## TASK
Only the first line of the listing and the lines after it, up to and including the one containing "広島県『薬研堀八昌』のうどん肉玉に調味料をかけた写真", should be retyped exactly.

====== RECORD EXCERPTS

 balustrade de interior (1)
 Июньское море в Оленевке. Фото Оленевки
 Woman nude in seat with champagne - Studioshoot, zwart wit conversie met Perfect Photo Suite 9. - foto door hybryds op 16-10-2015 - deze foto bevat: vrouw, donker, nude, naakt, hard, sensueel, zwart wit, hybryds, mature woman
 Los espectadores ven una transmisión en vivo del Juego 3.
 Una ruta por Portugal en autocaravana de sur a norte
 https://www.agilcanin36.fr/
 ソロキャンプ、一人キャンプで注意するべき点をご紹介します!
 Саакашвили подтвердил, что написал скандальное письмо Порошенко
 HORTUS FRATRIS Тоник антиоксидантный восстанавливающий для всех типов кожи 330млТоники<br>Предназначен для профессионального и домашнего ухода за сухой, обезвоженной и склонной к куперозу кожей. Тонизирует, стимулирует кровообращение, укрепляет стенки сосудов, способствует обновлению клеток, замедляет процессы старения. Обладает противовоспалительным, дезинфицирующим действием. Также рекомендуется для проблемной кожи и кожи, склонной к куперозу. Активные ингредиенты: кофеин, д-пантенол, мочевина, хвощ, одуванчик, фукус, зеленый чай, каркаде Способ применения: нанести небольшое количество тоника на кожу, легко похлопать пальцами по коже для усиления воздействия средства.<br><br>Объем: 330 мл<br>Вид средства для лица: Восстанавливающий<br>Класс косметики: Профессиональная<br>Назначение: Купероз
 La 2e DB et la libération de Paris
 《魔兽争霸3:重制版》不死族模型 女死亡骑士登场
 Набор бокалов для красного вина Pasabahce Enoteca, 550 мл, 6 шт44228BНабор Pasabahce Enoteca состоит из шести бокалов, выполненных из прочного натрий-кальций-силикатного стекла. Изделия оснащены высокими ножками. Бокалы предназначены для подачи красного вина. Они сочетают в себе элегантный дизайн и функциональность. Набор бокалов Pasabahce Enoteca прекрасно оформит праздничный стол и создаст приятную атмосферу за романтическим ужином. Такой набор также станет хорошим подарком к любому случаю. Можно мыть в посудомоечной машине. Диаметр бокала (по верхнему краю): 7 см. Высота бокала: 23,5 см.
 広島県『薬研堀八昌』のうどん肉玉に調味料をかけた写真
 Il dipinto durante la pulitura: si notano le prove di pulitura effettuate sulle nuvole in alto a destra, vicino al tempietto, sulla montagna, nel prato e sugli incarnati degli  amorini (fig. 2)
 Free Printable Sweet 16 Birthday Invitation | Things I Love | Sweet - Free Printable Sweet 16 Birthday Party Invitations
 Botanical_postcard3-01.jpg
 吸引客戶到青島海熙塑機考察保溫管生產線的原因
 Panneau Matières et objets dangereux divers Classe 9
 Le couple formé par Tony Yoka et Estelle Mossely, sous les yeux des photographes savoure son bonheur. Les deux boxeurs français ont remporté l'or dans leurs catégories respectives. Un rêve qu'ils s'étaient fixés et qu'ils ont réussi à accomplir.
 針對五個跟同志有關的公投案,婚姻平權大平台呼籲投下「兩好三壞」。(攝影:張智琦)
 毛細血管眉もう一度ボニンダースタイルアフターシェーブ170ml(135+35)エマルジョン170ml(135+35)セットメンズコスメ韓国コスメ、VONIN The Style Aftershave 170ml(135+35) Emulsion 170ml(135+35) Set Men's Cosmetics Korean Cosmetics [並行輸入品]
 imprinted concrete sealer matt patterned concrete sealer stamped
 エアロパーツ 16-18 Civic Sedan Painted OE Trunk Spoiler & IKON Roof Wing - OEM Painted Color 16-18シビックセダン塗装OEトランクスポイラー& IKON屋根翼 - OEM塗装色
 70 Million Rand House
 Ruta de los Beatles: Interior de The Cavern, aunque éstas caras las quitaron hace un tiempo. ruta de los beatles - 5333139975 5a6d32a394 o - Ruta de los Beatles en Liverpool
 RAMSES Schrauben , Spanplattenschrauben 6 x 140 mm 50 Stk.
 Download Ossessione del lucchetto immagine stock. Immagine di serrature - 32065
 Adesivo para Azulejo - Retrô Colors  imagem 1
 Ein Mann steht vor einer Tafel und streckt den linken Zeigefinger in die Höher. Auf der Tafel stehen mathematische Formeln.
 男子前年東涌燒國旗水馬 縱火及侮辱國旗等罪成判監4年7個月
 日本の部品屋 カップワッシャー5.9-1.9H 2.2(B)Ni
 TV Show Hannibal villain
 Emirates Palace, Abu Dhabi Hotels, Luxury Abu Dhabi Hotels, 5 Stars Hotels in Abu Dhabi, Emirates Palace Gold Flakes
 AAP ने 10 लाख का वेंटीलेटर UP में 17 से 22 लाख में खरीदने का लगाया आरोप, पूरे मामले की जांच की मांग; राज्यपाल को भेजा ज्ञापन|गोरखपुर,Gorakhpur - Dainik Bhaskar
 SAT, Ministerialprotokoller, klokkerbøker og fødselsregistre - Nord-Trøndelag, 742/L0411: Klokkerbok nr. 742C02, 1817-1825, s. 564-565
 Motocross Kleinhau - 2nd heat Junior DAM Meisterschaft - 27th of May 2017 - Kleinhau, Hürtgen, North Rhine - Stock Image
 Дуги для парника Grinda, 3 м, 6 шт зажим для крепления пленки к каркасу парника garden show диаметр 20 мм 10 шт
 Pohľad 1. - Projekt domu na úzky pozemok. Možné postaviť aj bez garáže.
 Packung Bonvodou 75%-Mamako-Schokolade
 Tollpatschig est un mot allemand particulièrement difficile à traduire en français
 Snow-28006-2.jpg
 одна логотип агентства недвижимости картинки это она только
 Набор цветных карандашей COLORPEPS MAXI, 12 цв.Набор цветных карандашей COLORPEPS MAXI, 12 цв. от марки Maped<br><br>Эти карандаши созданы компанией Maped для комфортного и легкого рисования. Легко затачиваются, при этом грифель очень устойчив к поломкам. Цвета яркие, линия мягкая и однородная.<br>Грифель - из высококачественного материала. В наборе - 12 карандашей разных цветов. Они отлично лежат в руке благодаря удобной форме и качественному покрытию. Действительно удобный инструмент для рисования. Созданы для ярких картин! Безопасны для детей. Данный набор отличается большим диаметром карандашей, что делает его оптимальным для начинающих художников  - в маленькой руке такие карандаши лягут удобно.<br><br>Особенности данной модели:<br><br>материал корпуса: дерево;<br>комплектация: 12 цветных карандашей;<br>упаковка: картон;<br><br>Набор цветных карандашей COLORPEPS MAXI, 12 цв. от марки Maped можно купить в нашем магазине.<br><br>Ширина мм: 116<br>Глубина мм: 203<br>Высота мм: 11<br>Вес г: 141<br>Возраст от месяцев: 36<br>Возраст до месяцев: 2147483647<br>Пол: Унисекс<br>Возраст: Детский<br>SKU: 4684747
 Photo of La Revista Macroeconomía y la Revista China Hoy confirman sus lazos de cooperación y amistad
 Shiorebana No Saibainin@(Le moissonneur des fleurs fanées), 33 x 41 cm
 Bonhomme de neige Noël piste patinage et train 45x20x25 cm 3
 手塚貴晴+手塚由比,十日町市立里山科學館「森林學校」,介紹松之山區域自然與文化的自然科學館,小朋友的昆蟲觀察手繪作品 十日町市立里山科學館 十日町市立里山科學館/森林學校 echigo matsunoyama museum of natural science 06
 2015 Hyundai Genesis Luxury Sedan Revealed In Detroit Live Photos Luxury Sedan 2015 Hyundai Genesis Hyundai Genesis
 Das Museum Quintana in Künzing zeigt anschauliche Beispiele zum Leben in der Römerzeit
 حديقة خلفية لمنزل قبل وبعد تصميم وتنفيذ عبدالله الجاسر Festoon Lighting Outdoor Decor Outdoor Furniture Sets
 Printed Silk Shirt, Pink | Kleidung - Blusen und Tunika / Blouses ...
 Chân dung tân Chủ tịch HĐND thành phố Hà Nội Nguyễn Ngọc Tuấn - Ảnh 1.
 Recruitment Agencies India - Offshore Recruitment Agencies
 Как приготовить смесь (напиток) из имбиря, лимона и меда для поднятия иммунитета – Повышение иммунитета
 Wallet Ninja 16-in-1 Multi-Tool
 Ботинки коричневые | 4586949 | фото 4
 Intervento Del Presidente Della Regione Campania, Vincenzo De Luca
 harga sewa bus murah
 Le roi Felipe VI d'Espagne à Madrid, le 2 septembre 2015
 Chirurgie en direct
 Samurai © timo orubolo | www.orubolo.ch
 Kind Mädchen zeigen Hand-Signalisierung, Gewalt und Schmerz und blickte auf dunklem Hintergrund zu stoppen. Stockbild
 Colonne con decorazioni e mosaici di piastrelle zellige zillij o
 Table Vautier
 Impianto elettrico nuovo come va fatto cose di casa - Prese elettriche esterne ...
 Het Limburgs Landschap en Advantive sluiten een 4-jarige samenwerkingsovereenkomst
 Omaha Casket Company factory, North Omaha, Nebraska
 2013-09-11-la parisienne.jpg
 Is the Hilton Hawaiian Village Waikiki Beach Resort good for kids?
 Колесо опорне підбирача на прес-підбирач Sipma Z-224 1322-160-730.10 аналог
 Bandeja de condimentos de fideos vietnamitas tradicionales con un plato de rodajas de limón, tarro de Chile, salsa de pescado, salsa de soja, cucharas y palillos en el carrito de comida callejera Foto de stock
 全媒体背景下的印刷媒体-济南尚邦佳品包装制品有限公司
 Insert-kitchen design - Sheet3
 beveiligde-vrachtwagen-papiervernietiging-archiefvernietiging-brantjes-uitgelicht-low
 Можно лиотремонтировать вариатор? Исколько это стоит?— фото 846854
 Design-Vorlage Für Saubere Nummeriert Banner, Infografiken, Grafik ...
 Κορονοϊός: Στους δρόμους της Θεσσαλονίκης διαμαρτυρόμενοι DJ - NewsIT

============

## RESPONSE TO THIS EXERCISE
 balustrade de interior (1)
 Июньское море в Оленевке. Фото Оленевки
 Woman nude in seat with champagne - Studioshoot, zwart wit conversie met Perfect Photo Suite 9. - foto door hybryds op 16-10-2015 - deze foto bevat: vrouw, donker, nude, naakt, hard, sensueel, zwart wit, hybryds, mature woman
 Los espectadores ven una transmisión en vivo del Juego 3.
 Una ruta por Portugal en autocaravana de sur a norte
 https://www.agilcanin36.fr/
 ソロキャンプ、一人キャンプで注意するべき点をご紹介します!
 Саакашвили подтвердил, что написал скандальное письмо Порошенко
 HORTUS FRATRIS Тоник антиоксидантный восстанавливающий для всех типов кожи 330млТоники<br>Предназначен для профессионального и домашнего ухода за сухой, обезвоженной и склонной к куперозу кожей. Тонизирует, стимулирует кровообращение, укрепляет стенки сосудов, способствует обновлению клеток, замедляет процессы старения. Обладает противовоспалительным, дезинфицирующим действием. Также рекомендуется для проблемной кожи и кожи, склонной к куперозу. Активные ингредиенты: кофеин, д-пантенол, мочевина, хвощ, одуванчик, фукус, зеленый чай, каркаде Способ применения: нанести небольшое количество тоника на кожу, легко похлопать пальцами по коже для усиления воздействия средства.<br><br>Объем: 330 мл<br>Вид средства для лица: Восстанавливающий<br>Класс косметики: Профессиональная<br>Назначение: Купероз
 La 2e DB et la libération de Paris
 《魔兽争霸3:重制版》不死族模型 女死亡骑士登场
 Набор бокалов для красного вина Pasabahce Enoteca, 550 мл, 6 шт44228BНабор Pasabahce Enoteca состоит из шести бокалов, выполненных из прочного натрий-кальций-силикатного стекла. Изделия оснащены высокими ножками. Бокалы предназначены для подачи красного вина. Они сочетают в себе элегантный дизайн и функциональность. Набор бокалов Pasabahce Enoteca прекрасно оформит праздничный стол и создаст приятную атмосферу за романтическим ужином. Такой набор также станет хорошим подарком к любому случаю. Можно мыть в посудомоечной машине. Диаметр бокала (по верхнему краю): 7 см. Высота бокала: 23,5 см.
 広島県『薬研堀八昌』のうどん肉玉に調味料をかけた写真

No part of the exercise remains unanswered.